While there are some kernels of truth in the myth of Johnny Appleseed, there is much more to his story than animated films and legends tell, for John Chapman played an important part in the lives of settlers and the early development of the apple industry in Pennsylvania and other states.

Born in Leominster, Massachusetts on September 26, 1774, John Chapman was the second child of Elizabeth Simonds and Nathaniel Chapman. His father was a farmer, carpenter, and soldier in the American Revolution. In 1776, while his father was off to the war, his mother died and John was placed with other family members who cared for him and his older sister Elizabeth. Although his father returned to Massachusetts and married Lucy Cooley in 1780, it is not known if the two children joined the growing family of their father and stepmother or continued to stay with relatives.
Men sucking freshly pressed juice fresh from an apple press through rye straws.
Men sucking freshly pressed juice fresh from an apple press through rye straws,...

In 1792, at the age of eighteen, John headed west, to Pennsylvania, where he began an unusual life as an itinerant nurseryman on the frontier. "John Appleseed," as he was known in Ohio by the early 1820s, visited cider mills where he picked out apple seeds from the pumice and traveled to remote western regions where he planted them and provided young trees to settlers. He never settled down, preferring instead to wander and establish orchards in Pennsylvania, Ohio, Indiana, and perhaps other states as well.

Rather than scatter seeds in clearings, as the legends tell us, he actually created nurseries by clearing areas of scrub and building brush fences to protect the developing "whips,"as the young trees were called, from deer and other animals. As the whips grew, he camped nearby in a wigwam-like structure and busied himself by weeding his orchard, mending the fence, starting other nurseries, or visiting frontier families. And depending on his assessment of a person's ability to pay, he sold, traded, or simply gave away his little apple trees. When he had no more seedlings or simply decided it was time to move on, he headed west.

By the 1840s he was living in Indiana; on March 18, 1845, he died from pneumonia at the home of his friend William Worth and was buried near present-day Fort Wayne.

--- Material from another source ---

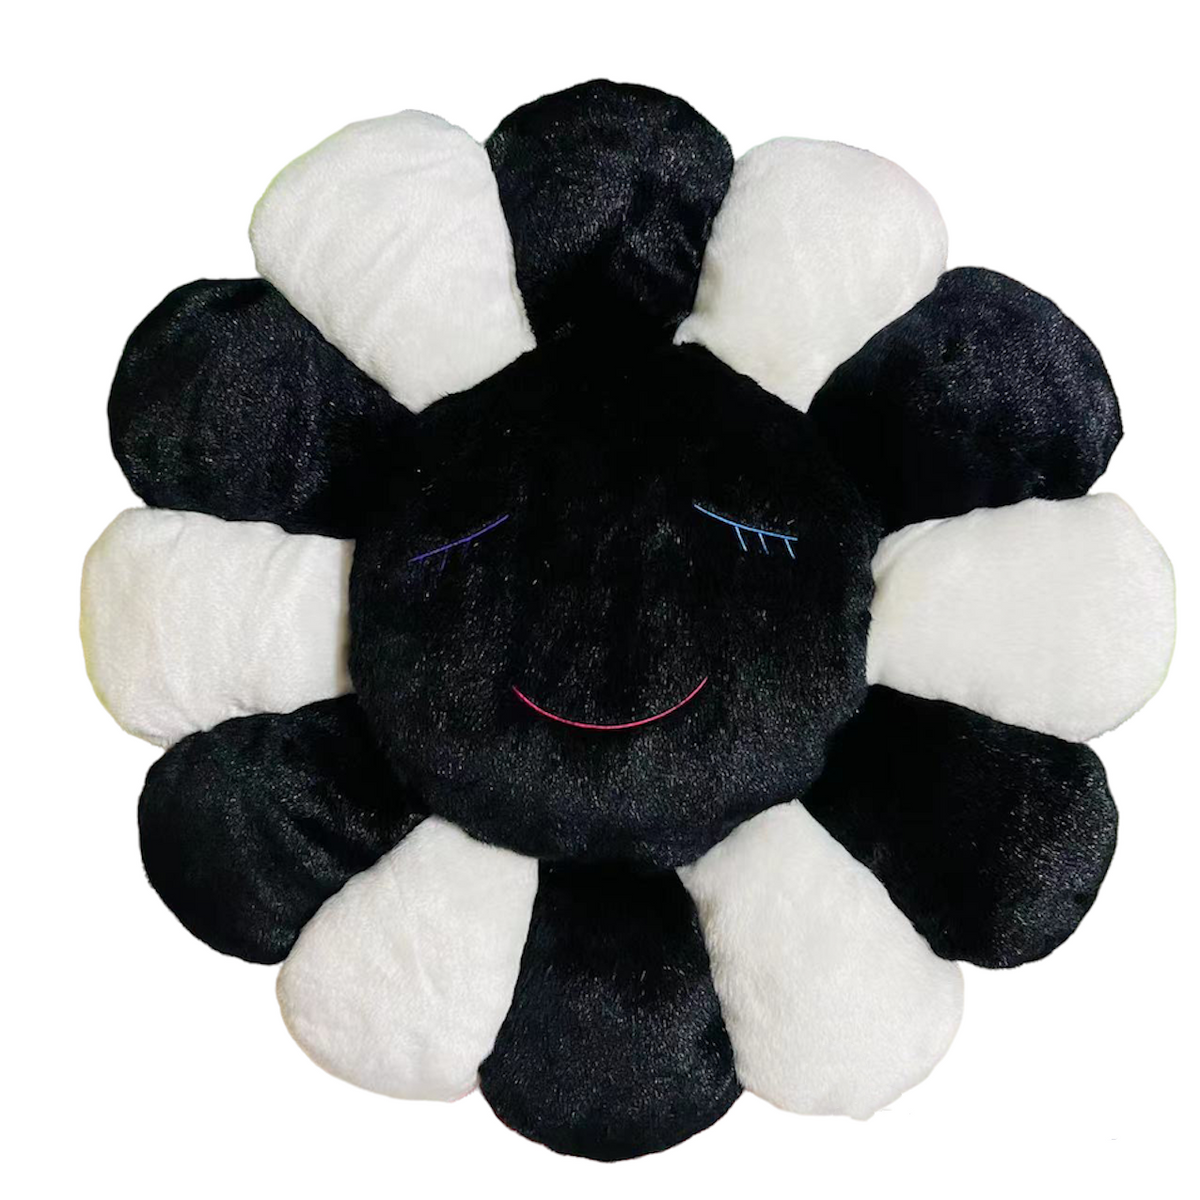 Takashi Murakami flower pillow cushion black and white kaikai kiki

Fegley photo, Women preparing apple butter
Women preparing apple butter, southeastern PA, circa 1910.
The apple trees that John Chapman gave away and sold were very important to American frontier families. Apples were a valuable food source for both human and beast. Farmers used most of the fruit to make cider, which kept well and was a popular drink in a day and age when water quality was questionable. Some folks distilled more ardent spirits from apple cider and made apple brandy or "applejack." Apples were also used to feed livestock - pigs mainly - and as an occasional treat for a cow or horse.

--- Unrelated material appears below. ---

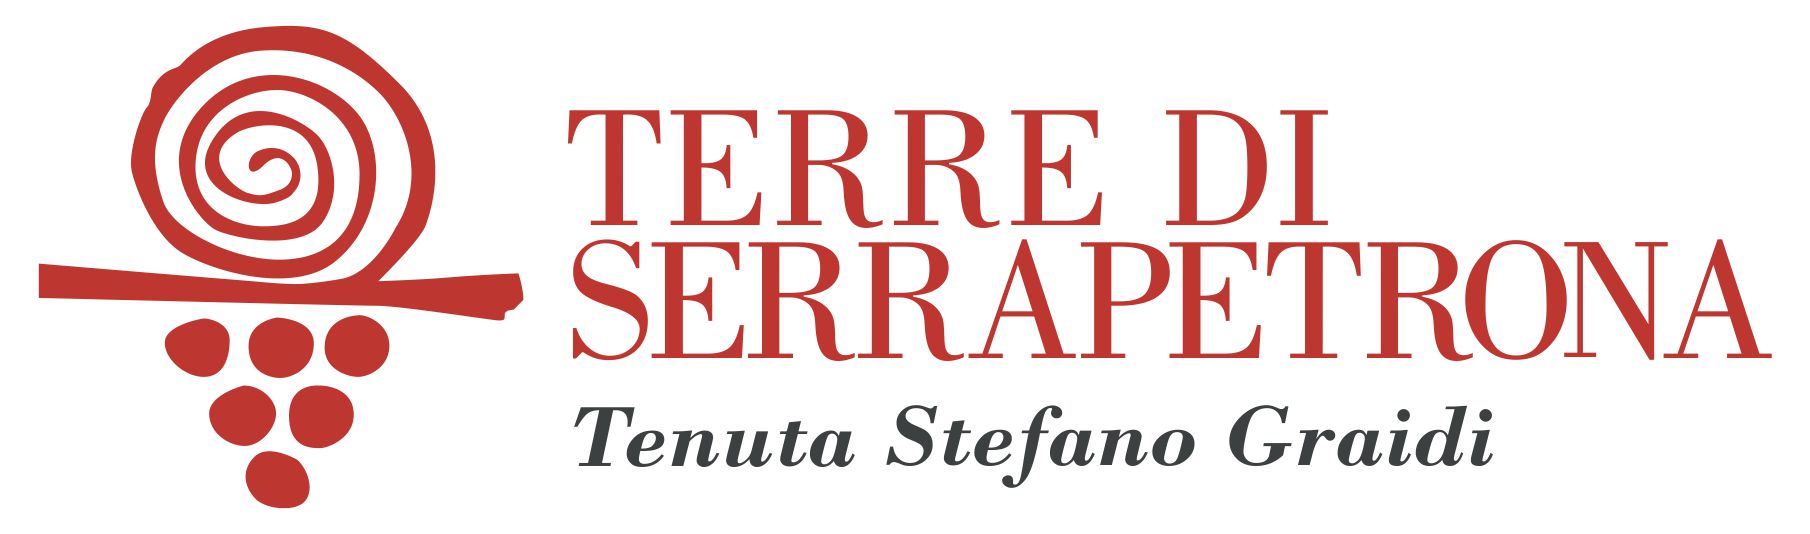 Terre di Serrapetrona | Tenuta Stefano Graidi

People ate apples, too. They stored well and kept for months in barrels or boxes in root cellars, and as such provided fresh fruit in the wintertime. The Pennsylvania Dutch preserved apples by making "apple butter" or drying them. (They called the dried fruit slices "schnitzen.") Frontier farmers also liked the wood of the apple tree, which they used to heat their homes, to dry fruit, and to smoke meat. Apple orchards were vital to farmers. There were very few farms without them.